Outer Arch of Gate House. ([Page 55.])
CHAPTER VIII.
REPTON SCHOOL.
“The Foundation of Repton School dates from the middle of that century which is truly described as the age of the revival of learning. It may be that other times have witnessed great changes and progress,—that our own day bears signs of even more wonderful intellectual activity than any that has gone before. But our successes are only the natural results of the achievements of our Fathers,—the gathering in of the Autumn fruits sown in that Spring. The mental revolution of the sixteenth century broke suddenly on the dull cold sleep of past ages, with the mysterious impulse and pregnant energy with which a Scandinavian Spring bursts forth from the bosom of Winter.
“The wisest of our countrymen in those days, men who could at once see before them, and gather wisdom from the past, seem to have discerned the movement when as yet the mass was hardly stirred, and it was their care to provide means to foster and direct it. Kings and Cardinals and Prelates led the way; Knights and Gentlemen and Yeomen followed. By the munificence of Wolsey and King Henry, the noblest Colleges of Oxford and Cambridge were established:—Edward VI. placed Grammar Schools in all his principal towns; as Shrewsbury, and Birmingham, and Bath:—and with the same object John Lyon, (yeoman of Harrow), Lawrence Sheriffe, (grocer of London), Sir John Porte, (Knight of the Bath), founded their schools,”[1] at Harrow, Rugby and Repton.
The founder of Repton School was descended from a long line of merchants who lived at Chester, then called West Chester, to distinguish it from Manchester.

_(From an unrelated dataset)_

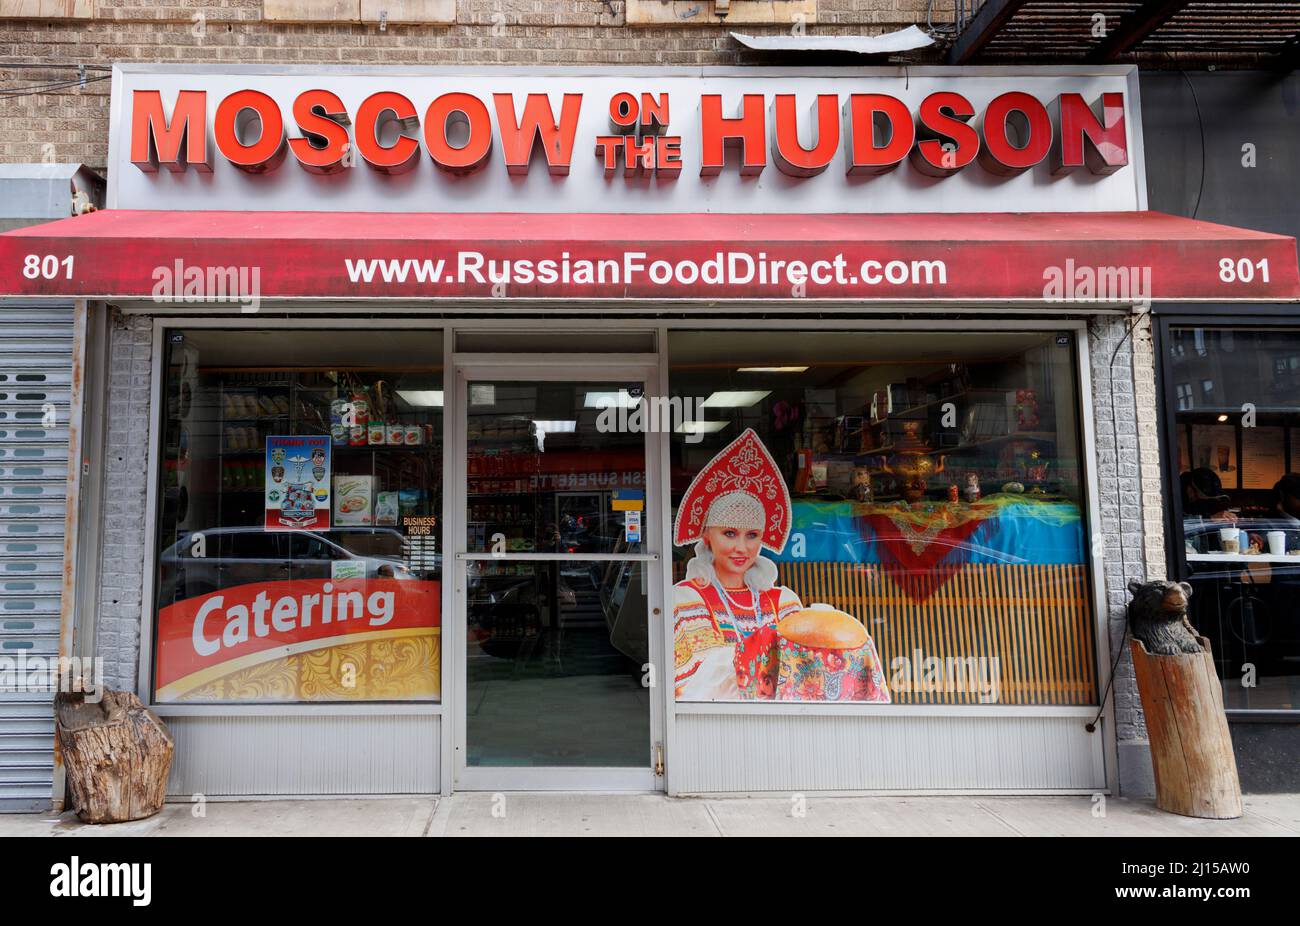 Moscou on the Hudson, un magasin d'alimentation russe situé au 181st St. Dans la section Washington Heights de Northern Manhattan, New York Banque D'Images

His father was a student in the Middle Temple, and, after being called to the Bar, filled many offices at it. In the year 1525 he was raised to a Judgeship of the King’s Bench, and was knighted. He married twice, (1) Margery, daughter of Sir Edward Trafford, and (2) Joan, daughter of John Fitzherbert, of Etwall, by whom he had a son, John. After the dissolution of the Monasteries, King Henry VIII. granted to him the Manor, together with the impropriate Rectory and advowson of the Vicarage of Etwall. He is said to have taken some part in the foundation of Brasenose College, Oxford, and, with John Williamson, provided “stipends for two sufficient and able persons to read and teach openly in the hall, the one philosophy, the other humanity.”